Transition


Sixième extinction, effondrement écologique, changements climatiques, catastrophes en série...

Où va-t-on ? Les expressions qui gravitent autour de l'écologie sont toujours controversées et soumises à interprétations. L'écologie scientifique n'est pas l'écologie politique, l'écologie profonde n'a rien à voir avec l'écodéveloppement, le développement durable a porté son cortège de débats, et dans cette histoire des idées la transition écologique n'échappe ni aux grands discours ni aux critiques.
J'ai beaucoup hésité à utiliser l'expression "transition écologique".  En quelques mots, j'ai pris acte de son occurrence, de sa notoriété actuelle, et sans adhérer au consensus je l'emprunte en tant que porte d'entrée. La porte ouvre la discussion et donne le champ libre à l'action, mais ne définit rien du contenu et la question demeure : quelle transition écologique ?
Transition écologique est synonyme de mouvement vers l'écologie. L'orientation est ainsi vaguement donnée, les interprétations se multiplient. Cela devient un sujet sociétal comme un autre, que l'on traite en surface, et chacun y va de son interprétation.
S'il y a mouvement [vers l'écologie], il est utile de se rappeler qu'il ne devrait pas nous éloigner davantage de notre nature [vers un progrès, une technologie, un plus, un futur]. Nous sommes par nature dans l'écologie, et tout ce qui nous coupe de la nature, n'est pas écologique. Idéalement, la transition devrait donc nous faire revenir à ce que nous sommes profondément.

Si l'on comprend sa place dans la coévolution des êtres vivants, comment peut-on envisager de hiérarchiser le vivant, ou d'adopter une vision anthropocentrée utilitariste ?

Comment y va-t-on ? Notre bain culturel [cloisonnement, délégation, hyperspécialisation, amélioration continue, etc.] facilite la diffusion et la commercialisation massive de l'idée de progrès comme horizon. L'injonction est forte dès le plus jeune âge, on doit croire au progrès, faire des progrès. Rien dans la nature ne suit ce principe. Ce n'est pas un principe écologique, contrairement à la coévolution, qui embrasse l'ensemble du vivant [où tout est interdépendant] dans un mouvement de vie, dans le présent. Une majorité d'occidentaux consomme le progrès et se soumet aux indicateurs vers toujours plus d'accumulation, de concentration, d'inégalités, d'insatisfaction. Dans ces conditions, la transition écologique est souvent présentée comme un progrès et un effort de plus à faire. Les petits pas nous invitent à une série d'écogestes, niveau par niveau, dans une douce continuité, sans rien bouleverser, sans remise en question. Cela fait bon ménage avec notre système global de management, notre inertie, notre flemme aussi, le prolongement d'affaires et d'habitudes. Le logiciel est bien installé. Tant de gens ne font que regarder, parfois avec une sincère compassion, vers les jeunes générations, en espérant qu'ils se dépatouilleront.
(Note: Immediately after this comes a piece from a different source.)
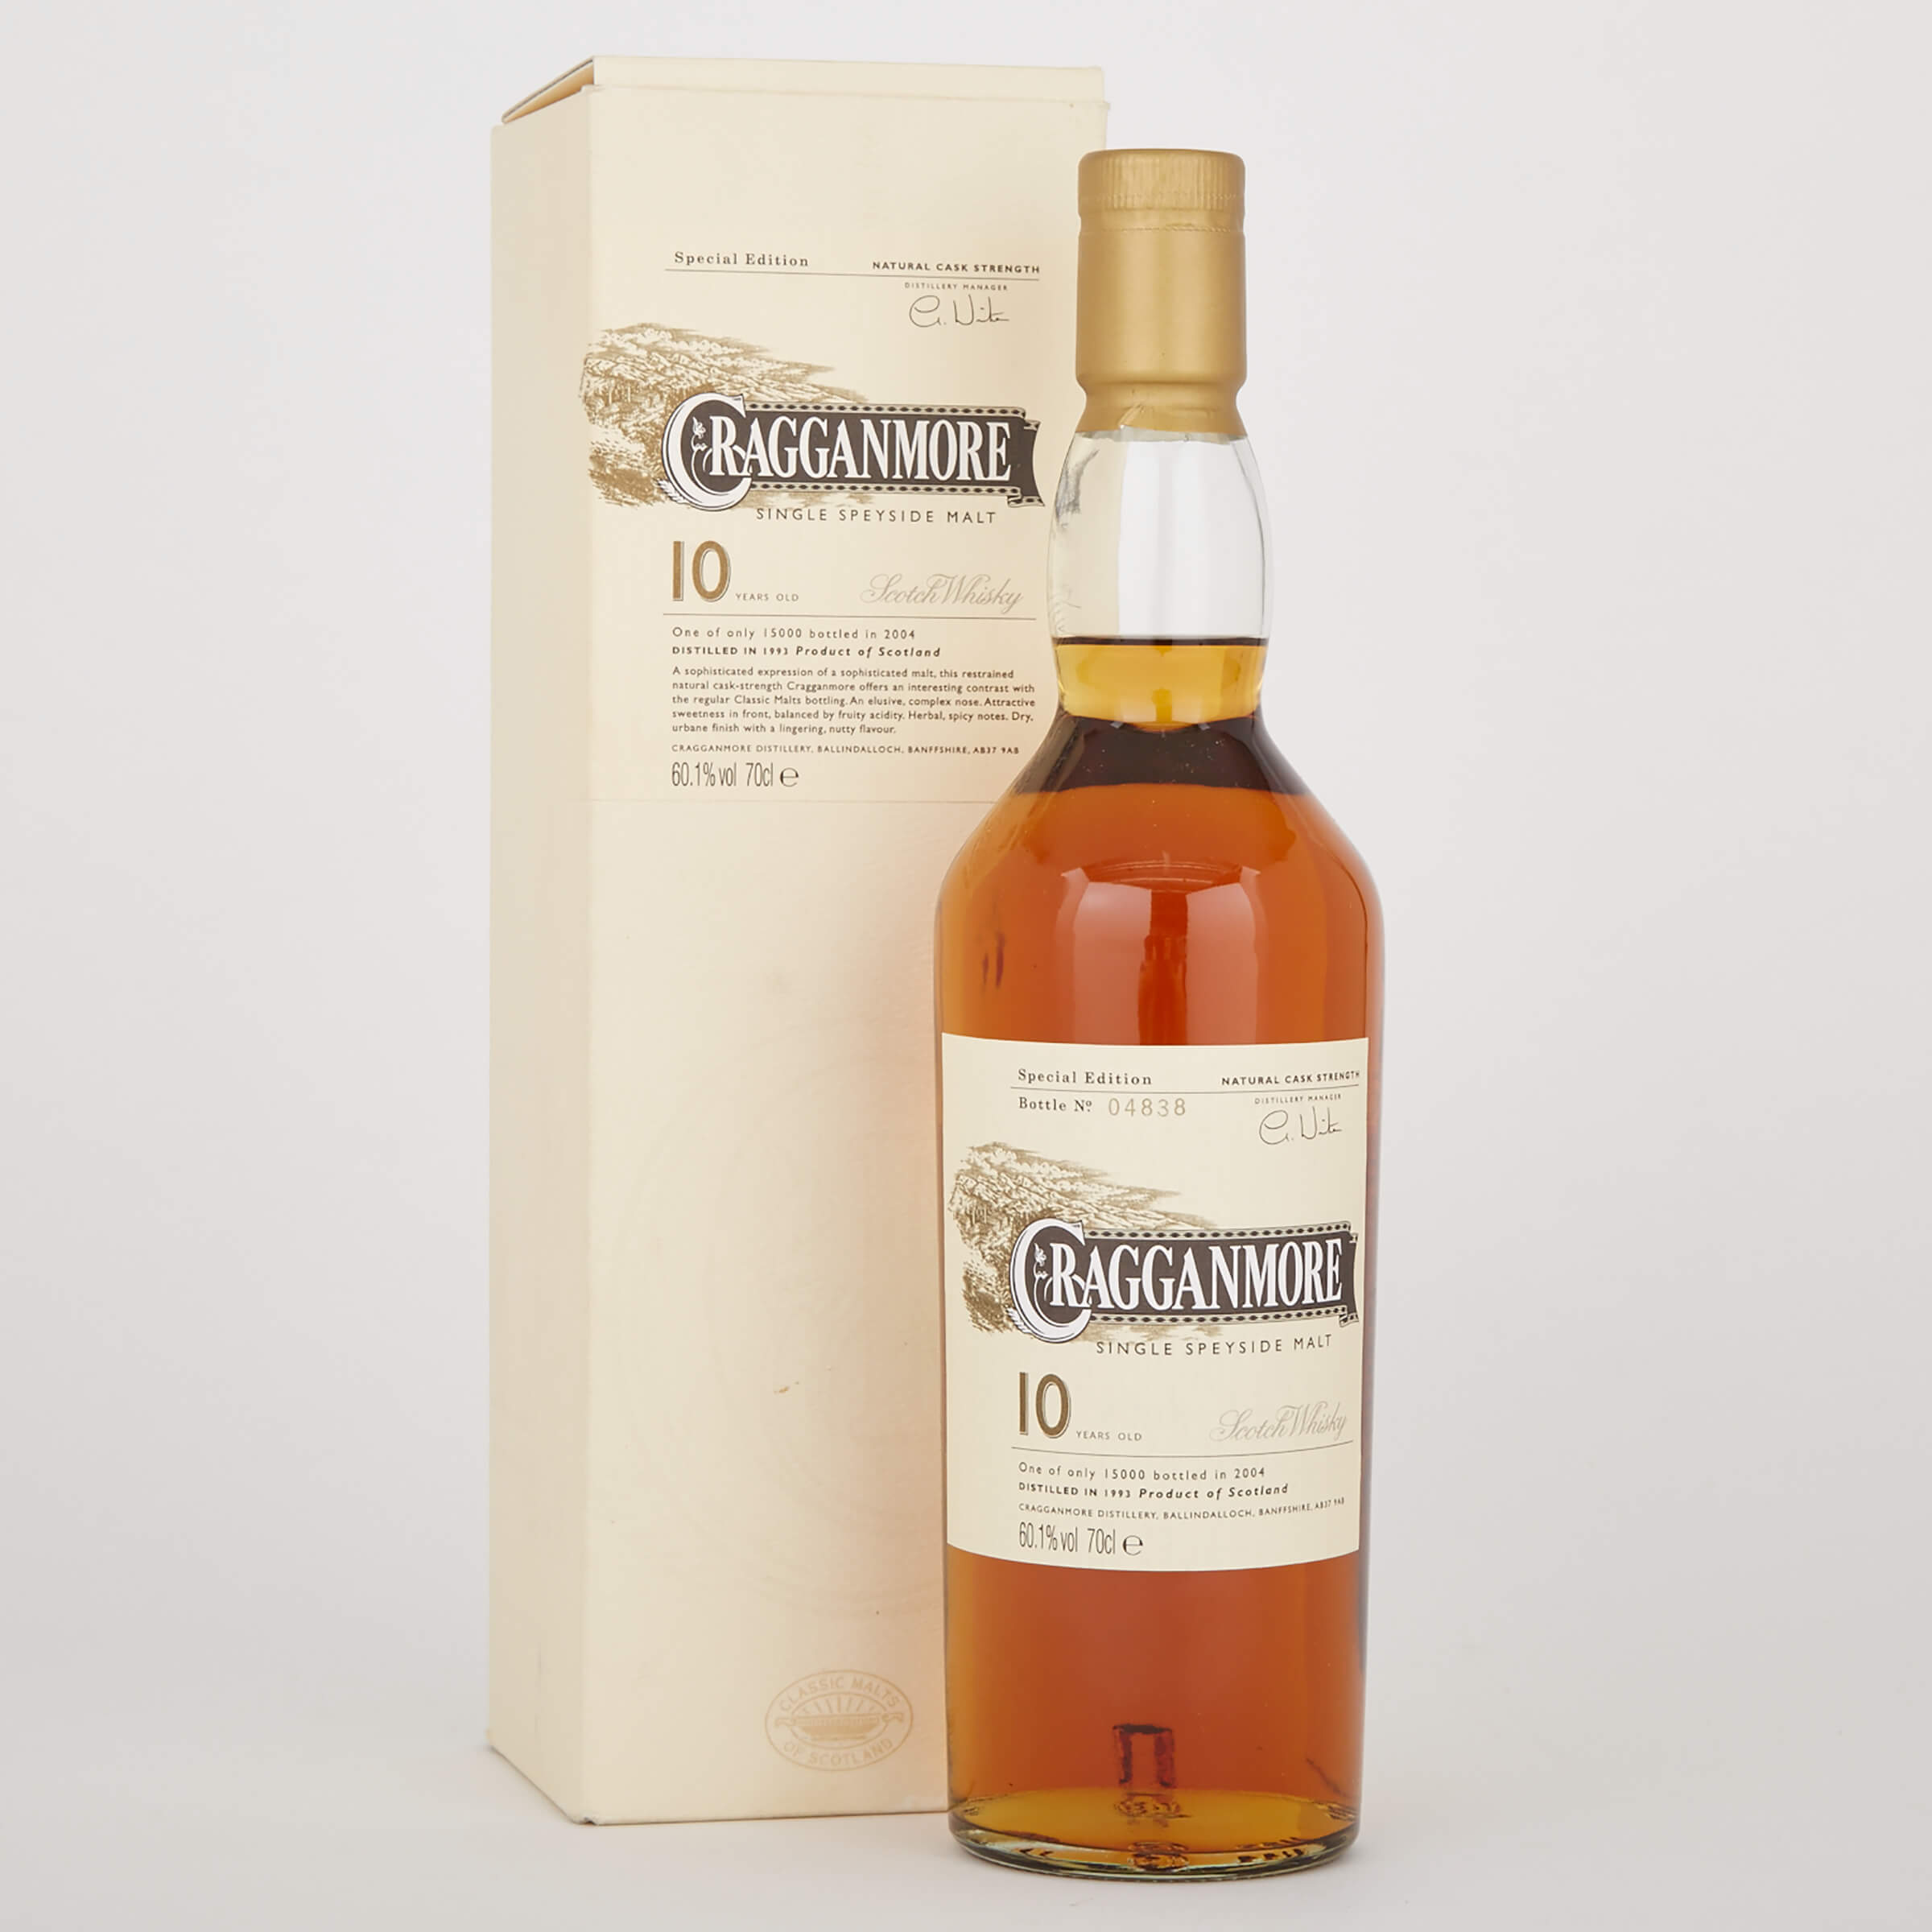 CRAGGANMORE SINGLE SPEYSIDE MALT WHISKY 10 YEARS (ONE 70 CL)

Certes, il faut y aller chacun à son rythme, chacun selon ses moyens. Serait-ce trop demander, d'y aller avec sincérité ?

Une cellule qui ignore son organisme dégénère et/ou altère l'harmonie. Il n'est pas question d'être meilleur demain, ou de gagner en performance environnementale. Il s'agit concrètement d'identifier au présent, tout ce qui représente une pollution [cela peut-être une idée, un comportement, un objet], d'évaluer avec sincérité notre degré de dépendance, et de s'en détacher si possible. Il n'y a ni comparaison, ni compétition à faire. La transition écologique ne devrait imposer rien d'autre qu'un travail sincère sur soi-même. Sans remettre à plus tard, nous devrions être responsables de ce qui est dans nos mains et avoir confiance en la vie.

Intime et universel ? On peut toujours évaluer, s'autoévaluer, se donner des objectifs chiffrés et réalisables. On peut toujours coconstruire des actions collectives, et opérer des changements d'échelles. En définitive, aucun collectif ne tient dans le temps si ses membres ne travaillent pas d'abord sur eux-mêmes. Et cette expérience individuelle, libre, idéalement sans but, n'est peut-être qu'une recherche de dignité.
Quand on s'adresse à l'autre, à un collectif, les petits pas sont une politesse, une manière de laisser des options, du temps.
Les transitions individuelles, profondes et intimes, et les transitions collectives doivent coévoluer et nourrir la vie, pour l'empreinte écologique légère d'un être, pour une communauté humaine en paix avec l'univers.